What’s more, from a scoring perspective in 2017, the overall national mean score for MIPS-eligible clinicians was 74.01 points, and the national median was 88.97 points, on a 0 to 100 scale. Further breaking down the mean and median:

  • Clinicians participating in MIPS as individuals or groups (and not through an APM) received a mean score of 65.71 points and a median score of 83.04 points
  • Clinicians participating in MIPS through an APM received a mean score of 87.64 points and a median score of 91.67 points

Additionally, clinicians in small and rural practices who were not in APMs and who chose to participate in MIPS also performed well, CMS noted. On average, MIPS eligible clinicians in rural practices earned a mean score of 63.08 points, while clinicians in small practices received a mean score of 43.46 points.

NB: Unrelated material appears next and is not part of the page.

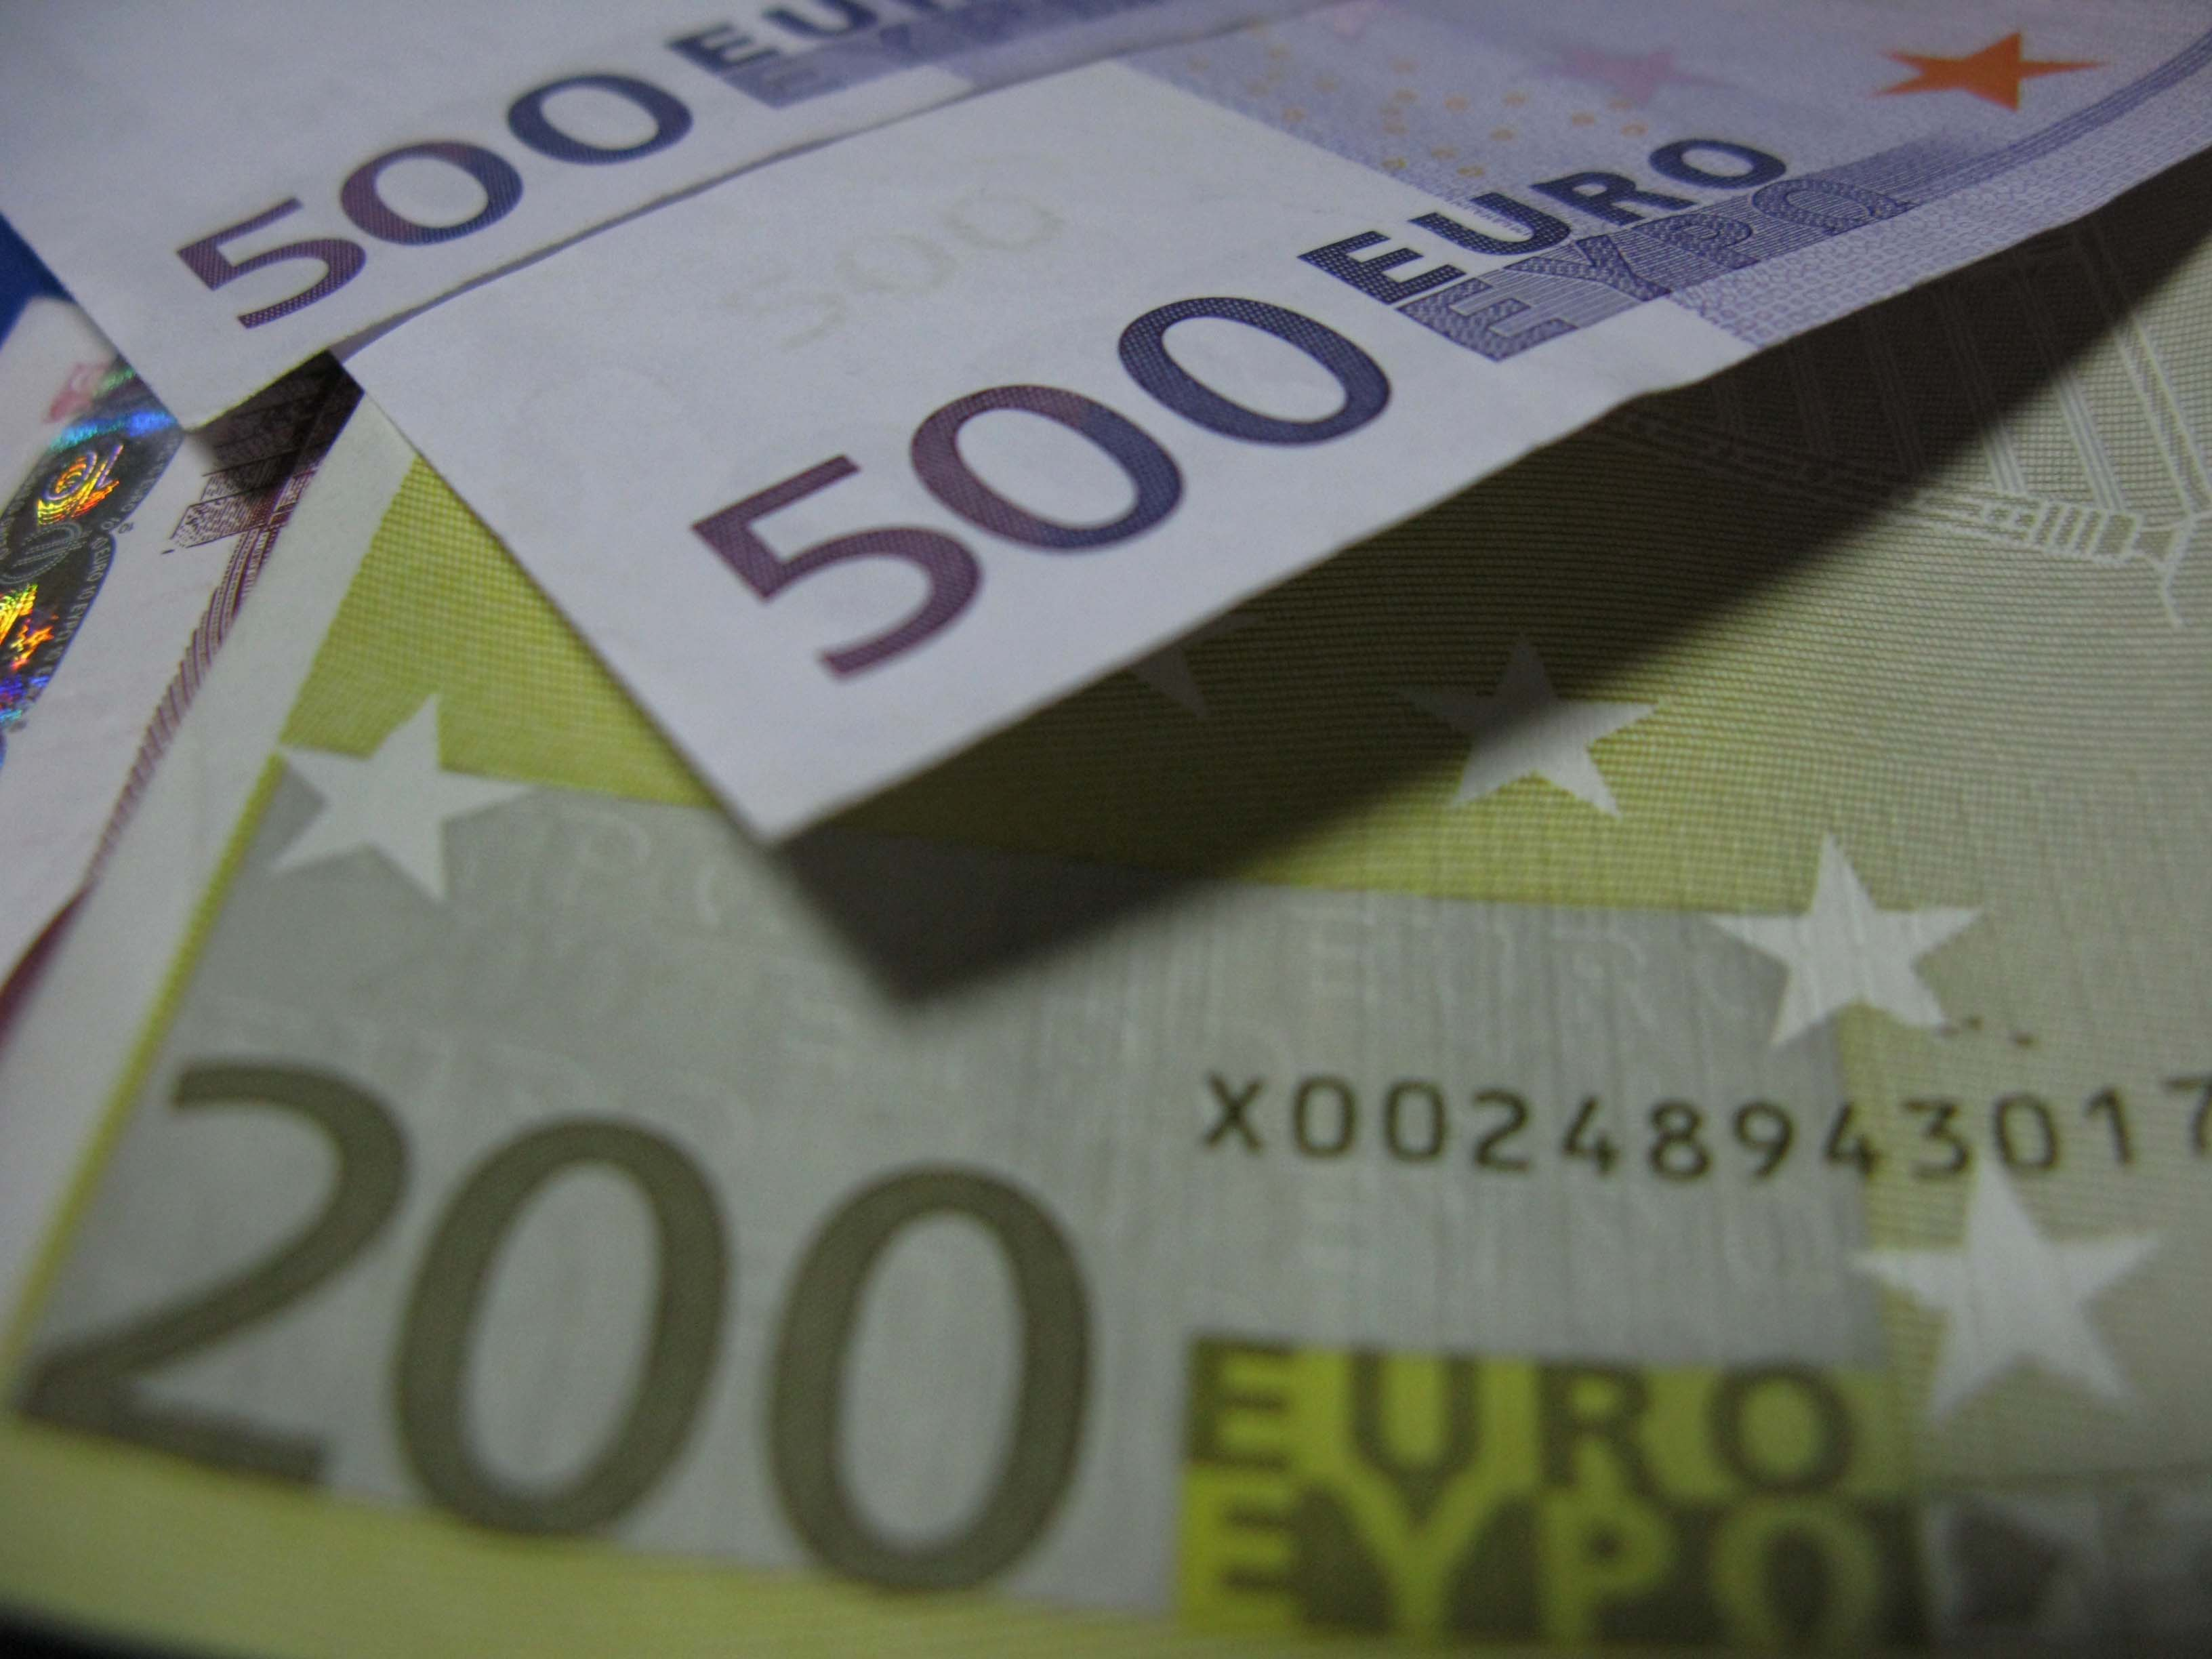 Καρπενήσι: Ούτε Τζόκερ, ούτε Λόττο – Kέρδισε 750.000 ευρώ και προσπαθεί ακόμα να το πιστέψει – video

Said Verma, “While we understand that challenges remain for clinicians in small practices, these results suggest that these clinicians and those in rural practices can successfully participate in the program. With these mean scores, clinicians in small and rural practices would still receive a neutral or positive payment adjustment for the 2017, 2018, and 2019 performance years due to the relatively modest performance thresholds that we have established. We will also continue to directly support these clinicians now and in future years of the program.”